Она старалась отмежеваться от многих поколений, воспитанных в
избранном обществе, и стремилась к земле, от которой оторвались ее предки.
Кроме того, она частенько вызывала в себе мысли и желания, которые, по ее
мнению, были не чужды людям каменного века, и как в эту минуту, убирая
волосы на ночь, тешила свое воображение сценами палеолитической любви.
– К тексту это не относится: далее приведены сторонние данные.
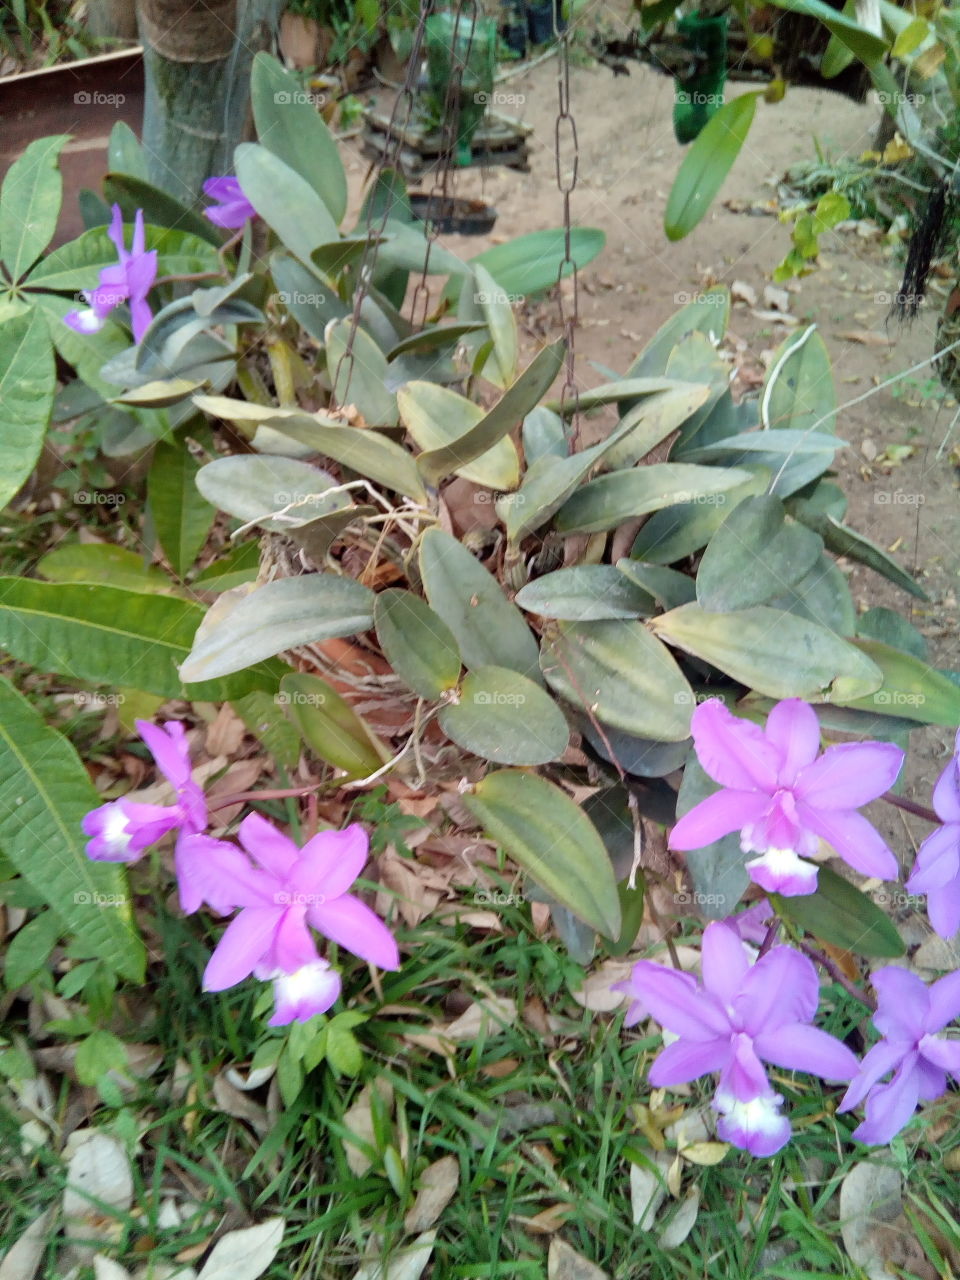 Cattleya dolosa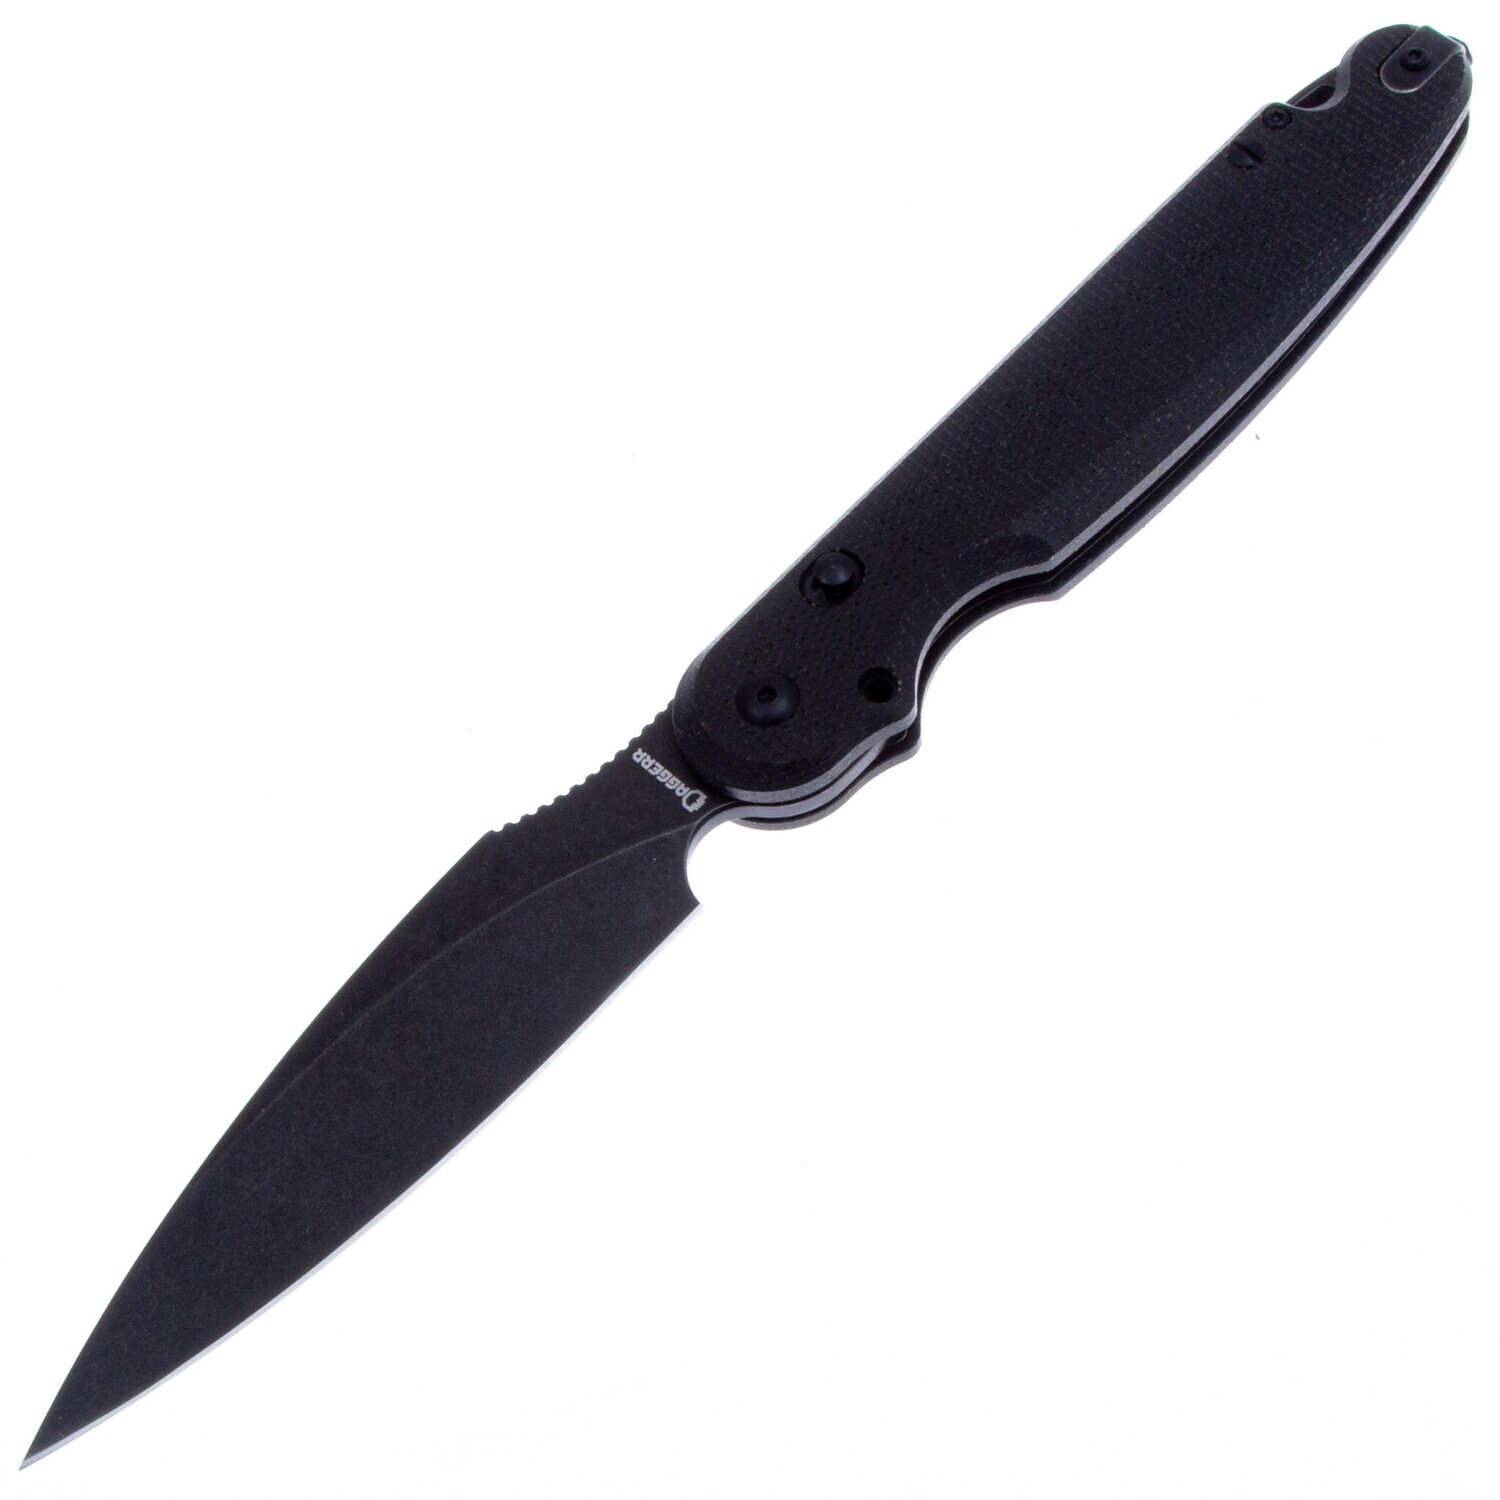 Daggerr Parrot knife Black micarta D2 BW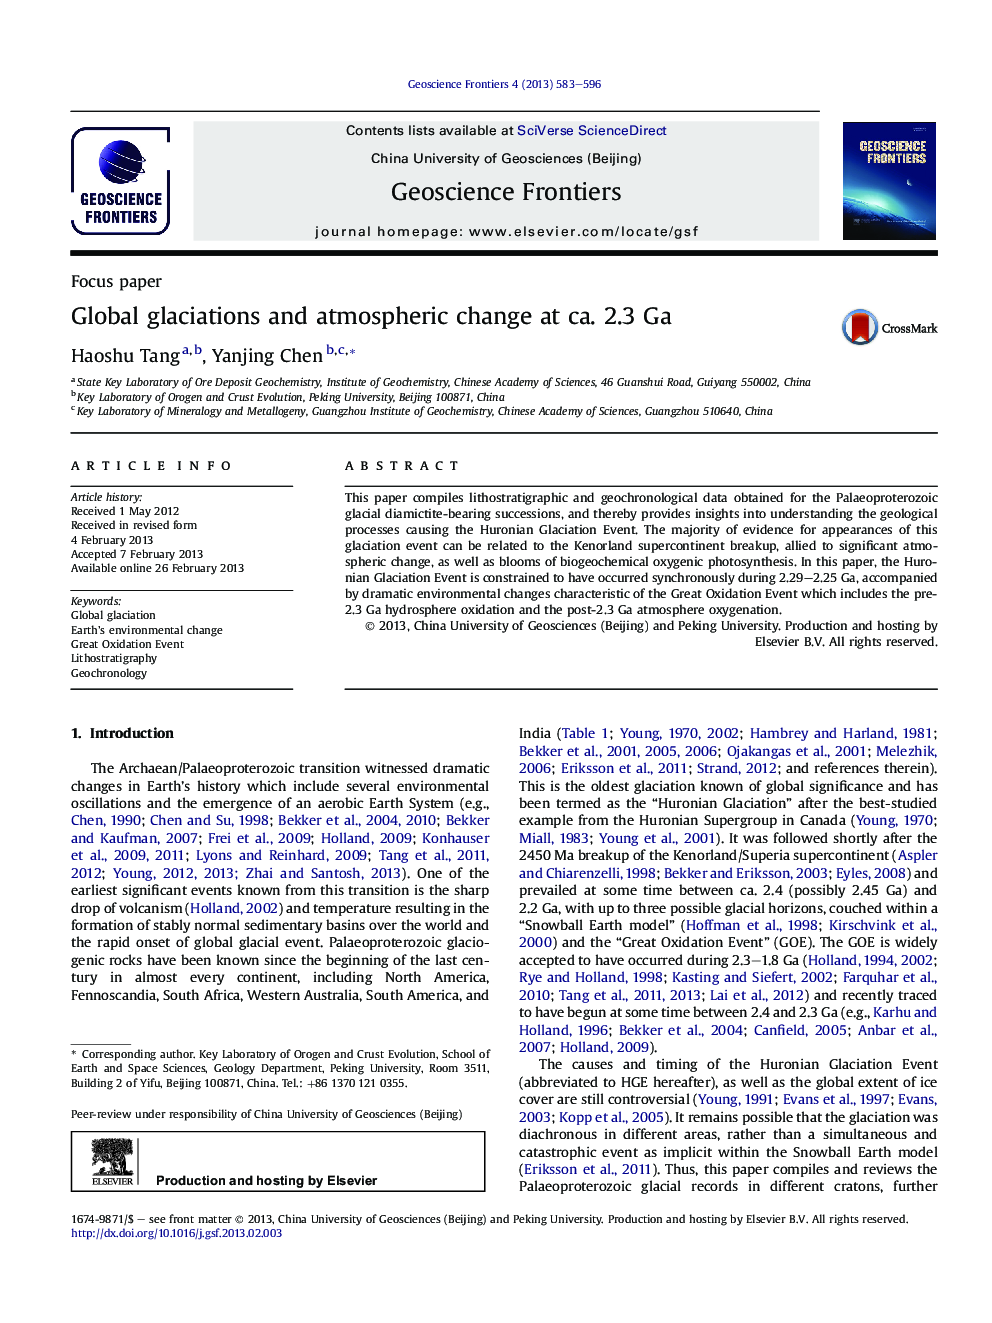 Global glaciations and atmospheric change at ca. 2.3 Ga

Главными декорациями и аксессуарами в этих сценах были пещерные жилища и
раздробленные мозговые кости; фигурировали в них также свирепые хищные
звери, волосатые мамонты и драки на ножах - грубых, зазубренных, кремневых
ножах; но все это порождало блаженные переживания. И вот в тот самый миг,
когда Эвелин Ван-Уик бежала под темными сводами дремучего леса, спасаясь
от слишком пылкого натиска косолобого, едва прикрытого шкурой поклонника,
дверь хижины распахнулась без стука, и на пороге появилась одетая в шкуру
дикая, первобытная женщина.
- Боже мой!
Одним прыжком, который сделал бы честь пещерной женщине, мисс
Гиддингс отскочила в безопасное место - за стол. Но миссис Ван-Уик не
отступила. Заметив, что незнакомка очень взволнована, она быстро
оглянулась и убедилась, что путь к ее койке свободен, а там под подушкой
лежал большой кольт.
- Привет тебе, о женщина с чудесными волосами, - сказала Ли Ван.
Но сказала она это на своем родном языке, том языке, на котором
говорили в одном глухом уголке земли, и женщины не поняли ее слов.
- Не сбегать ли за помощью? - пролепетала мисс Гиддингс.
- Да нет, она, кажется, безобидное существо, эта несчастная, -
возразила миссис Ван-Уик. - Посмотри только на ее меховую одежду. Какая
рваная, совсем износилась, но в своем роде уникум. Я куплю ее для своей
коллекции. Дай мне, пожалуйста, мешок, Миртл, и приготовь весы.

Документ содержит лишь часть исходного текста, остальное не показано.